Solve $\gcd(a,b)=2$, $3a+b^2 =3388$, $a>0$, $b>49$

Question

I have this problem and I can't do it.

$$\begin{cases} \gcd(a,b)=2 \\ 3a+b^2 =3388 \\ a>0,b>49 \end{cases} $$

I've tried writing $a=2a'$ and $b=2b'$, but then I have $3a'+2b'^2=1694$ and I don´t know what to do

Answer 1

Hint: If $b > 49$, you know $b' \geq 25$. But $b' \geq 30$ is already invalid because $2\cdot 30^2 \geq 1694$. Try the rest.

Answer 2

Assuming $a$ needs to be positive, the equation $3a + b^2 = 3388$ shows that $b \leq 58$. Since $gcd(b,a) =2 $ implies that $b$ is divisible by $2$, so the only options are $b = 50,52,54,56,58$. Note that $4$ divides $3388$, so if $4$ divides $b$, then $4$ divides $3a$ and hence $4$ divides $a$. This is not acceptable, since $gcd(b,a)$ is required to be $2$. Thus we find $b \neq 52,56$.

Examining $3a + b^2 = 3388$ modulo $3$, we see that $b^2 \equiv 1 \mod 3$. Thus $b \equiv 1, 2 \mod 3$ are the only possibilities. Hence $b$ is not $54$.
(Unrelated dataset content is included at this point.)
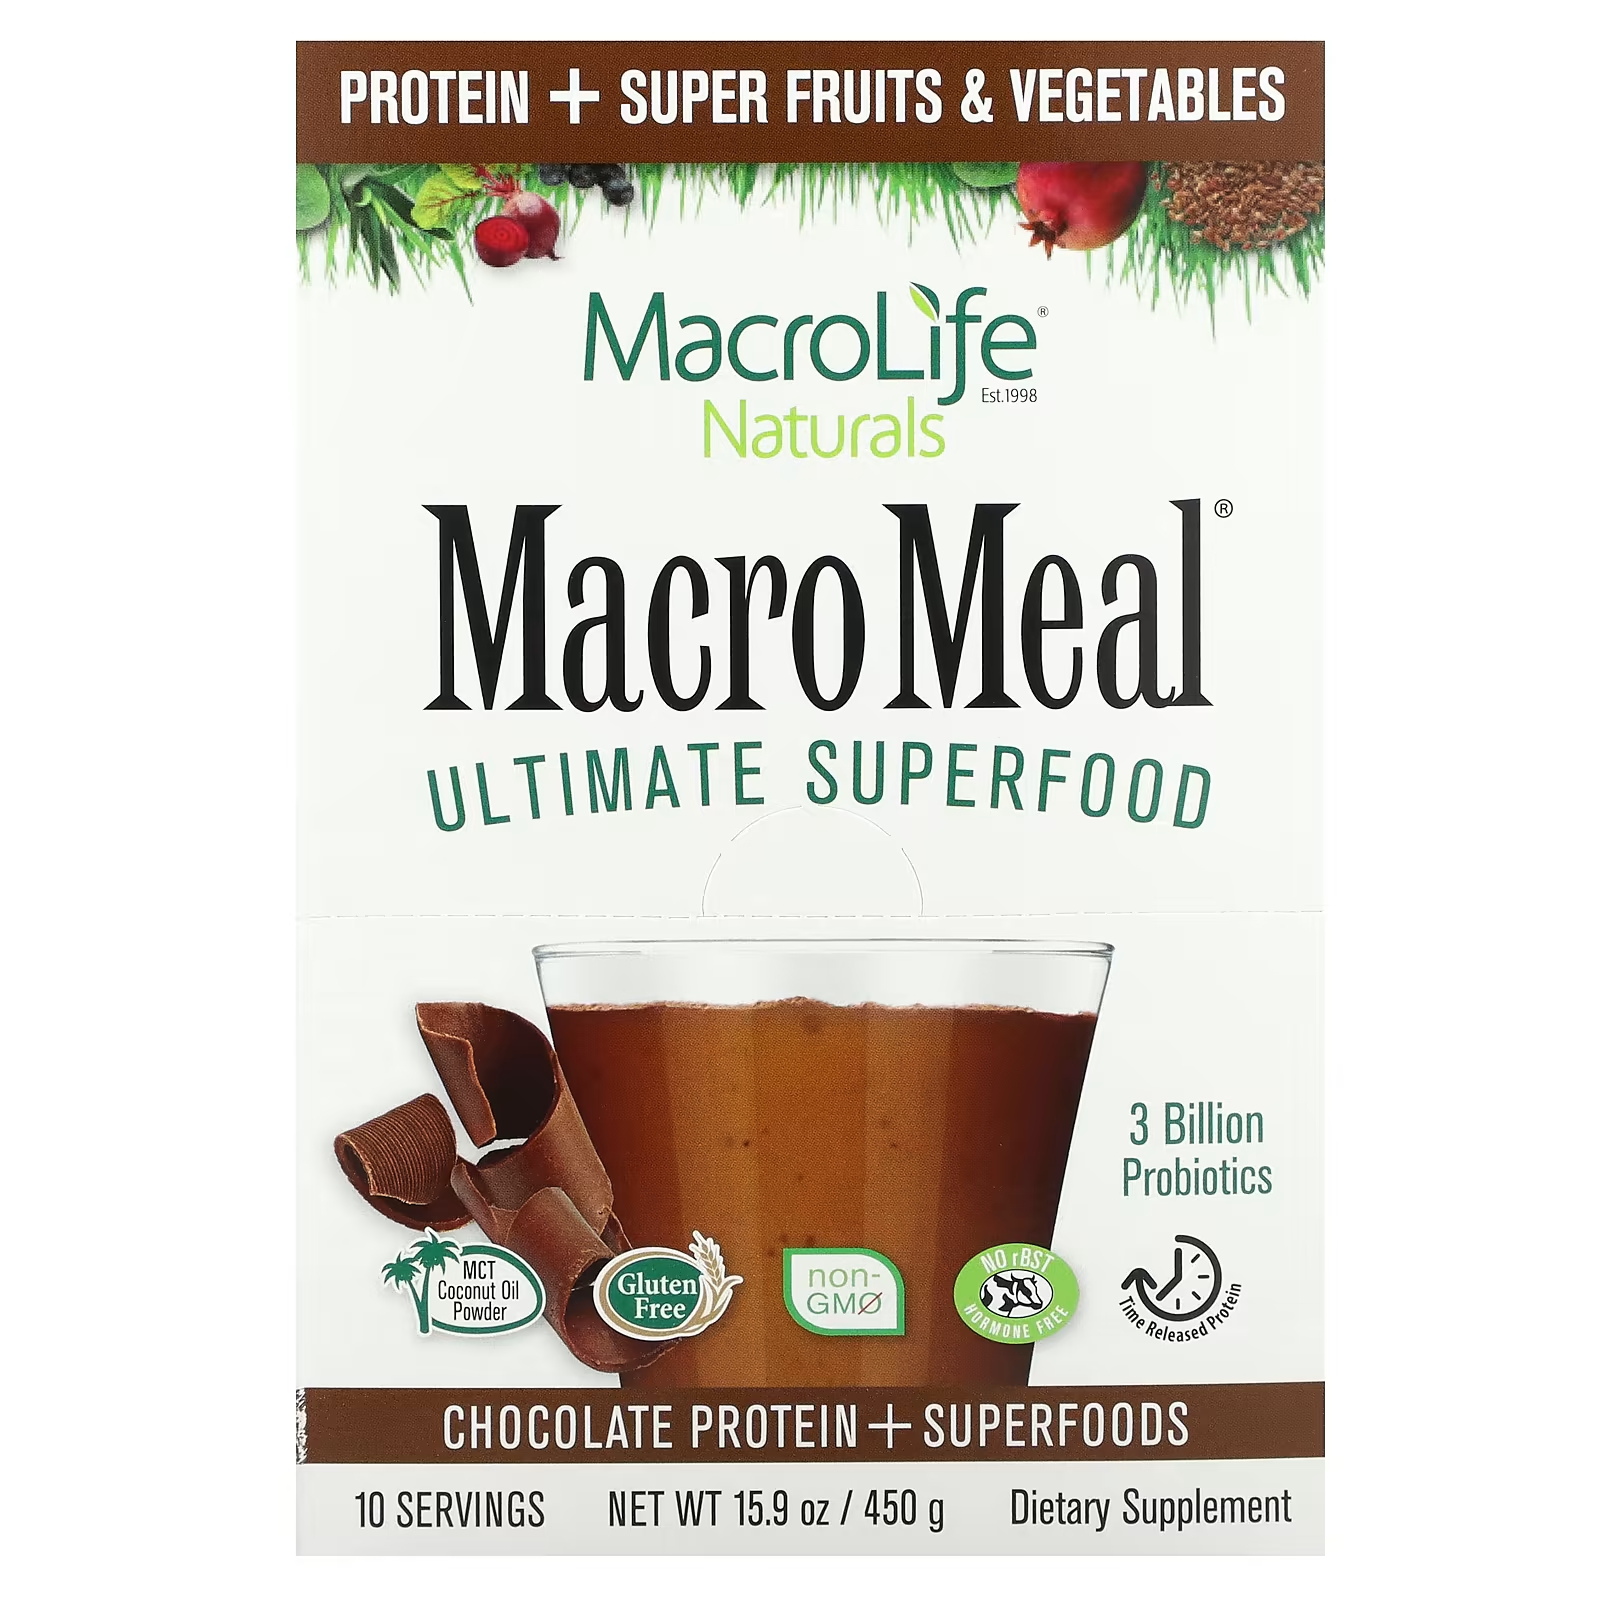 Macrolife Naturals MacroMeal Ultimate Superfood Chocolate 10 пакетов по 1,6 унции (45 г) каждый

Now the only remaining possibilities are $b = 50, 58$, which you can check are both solutions.

Answer 3

Notice that $$ 3a+b^{2} = 6a' + 4(b')^{2} = 3388 \implies 3a' + 2(b')^{2} = 1694 $$ So we have $$ (b')^{2} =\frac{1694-3a'}{2}$$

From here, $a'$ must be even, $a'=2m$. Since $a'$ is even, then $b'$ must be odd, because if not..then $4|a$ and $4|b$ which is contradiction. Now we have $$ (b')^{2} = 847-3m$$ and the choices are $b'= 25, 27$, or $29$..

Answer 4

We can have the general solution for the equation $3a+b^2= 3388$ in positive integers, given that $\gcd(a,b)=2$.

Indeed, writing as above $a=2a'$, $b=2b'$, where $\gcd(a',b')=1$, we obtain $$3a'+2b'^2=1694,$$ which shows first that $a'$ is even, and second, that $\;2b'^2\equiv 2\mod 3$, hence $b'\equiv 0\mod 3$.

So write $a=2a''$ to obtain the equation $$3a''+b'^2=847,\quad b'\not\equiv 0\mod 3.$$ Furthermore, $b'^2 <847$, hence $b'\le 29$.

Conversely, if an odd $b'\le 29$ is not a multiple of $3$, then $b'^2\equiv 1\mod 3$, so $847-b'^2\equiv 1-1=$$0\mod 3$, and we can compute the value of $a''$, whence $a=4a''$ and $b=2b'$.

There are $10$ values for $b'$ which satisfy these conditions: $$\{1,5,7,11,13, 17, 19,23,25,29\}$$

As an example, take $b'=19$, so $3a''+361=847$, whence $a''=\frac13 486=162$, and finally $$a=648,\enspace b =38, \quad 3a+b^2=1944+ 1444=3388.$$

For the supplementary condition in the O.P.'s question ($b\ge 49$) you have to retain th values $b'=25$ and $b'=29$.